4.2    Verweerder erkent dat hij in 2020 enkele verdachten heeft bijgestaan in de door klager bedoelde strafzaak. Hij betwist echter dat hij klager in het verleden heeft bijgestaan of gesproken. Klager werd destijds bijgestaan door een jurist van de militaire vakbond en later door mr. J. Het verbaast verweerder dat zijn naam wordt genoemd in het door klager overgelegde journaal. De informatie in het journaal klopt niet en verweerder heeft geen idee hoe deze informatie tot stand is gekomen. Klager heeft in de procedure in eerste aanleg overigens ook geen bezwaar gemaakt tegen het optreden van verweerder, aldus verweerder.

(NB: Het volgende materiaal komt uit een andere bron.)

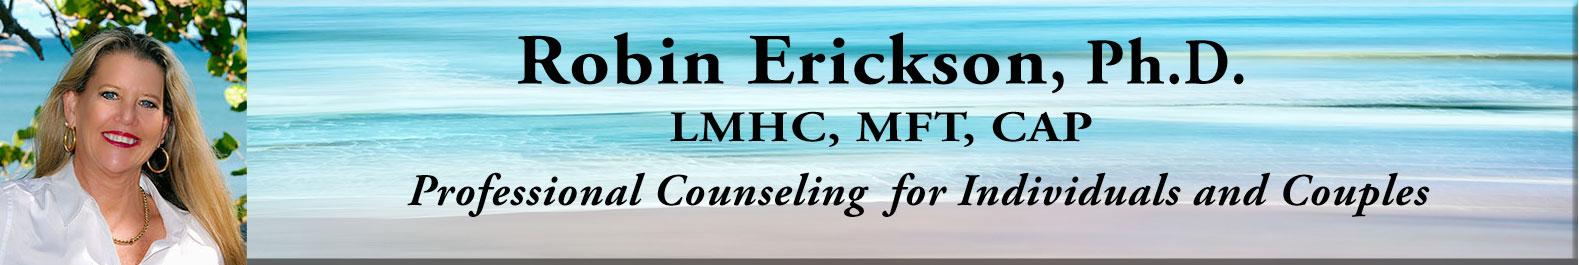 Dr. Robin Erickson, Ph.D., LMHC, MFT, CAP

4.3    De voorzitter overweegt als volgt. Uitgangspunt bij de beoordeling van de klacht is dat de advocaat in het algemeen niet mag optreden tegen een (voormalige) cliënt van hem of van een kantoorgenoot van hem. Deze norm, als uitvloeisel van de kernwaarde partijdigheid, is verwoord in gedragsregel 15. De advocaat mag zich niet in de situatie begeven waarin hij de kans loopt ten koste van zijn (voormalige) cliënt in een belangenconflict te geraken. Daarnaast moet de (voormalige) cliënt er ten volle op kunnen vertrouwen dat gegevens over zijn zaak, zijn persoon of zijn onderneming die de (voormalige) cliënt aan de advocaat of zijn kantoorgenoot ter beschikking heeft gesteld, niet op enig moment tegen hem worden gebruikt (vgl. onder andere HvD 26 januari 2018, 170210 en 5 februari 2018, 170205). Klager heeft, tegenover de betwisting daarvan door verweerder, echter onvoldoende onderbouwd dat hij een cliënt van verweerder is geweest. De enkele verwijzing naar een journaal waarin een derde heeft geschreven dat hij van een ander heeft vernomen dat klager wordt bijgestaan door verweerder, is - bij betwisting zijdens verweerder - onvoldoende om een advocaat-cliëntrelatie aan te nemen. Klager heeft geen andere stukken overgelegd waaruit de advocaat-cliëntrelatie met verweerder wel kan worden afgeleid. Nu niet is gebleken dat klager een cliënt van verweerder is geweest, is van strijd met gedragsregel 15 geen sprake. De klacht is kennelijk ongegrond.

BESLISSING
De voorzitter verklaart: 
de klacht, met toepassing van artikel 46j Advocatenwet, kennelijk ongegrond.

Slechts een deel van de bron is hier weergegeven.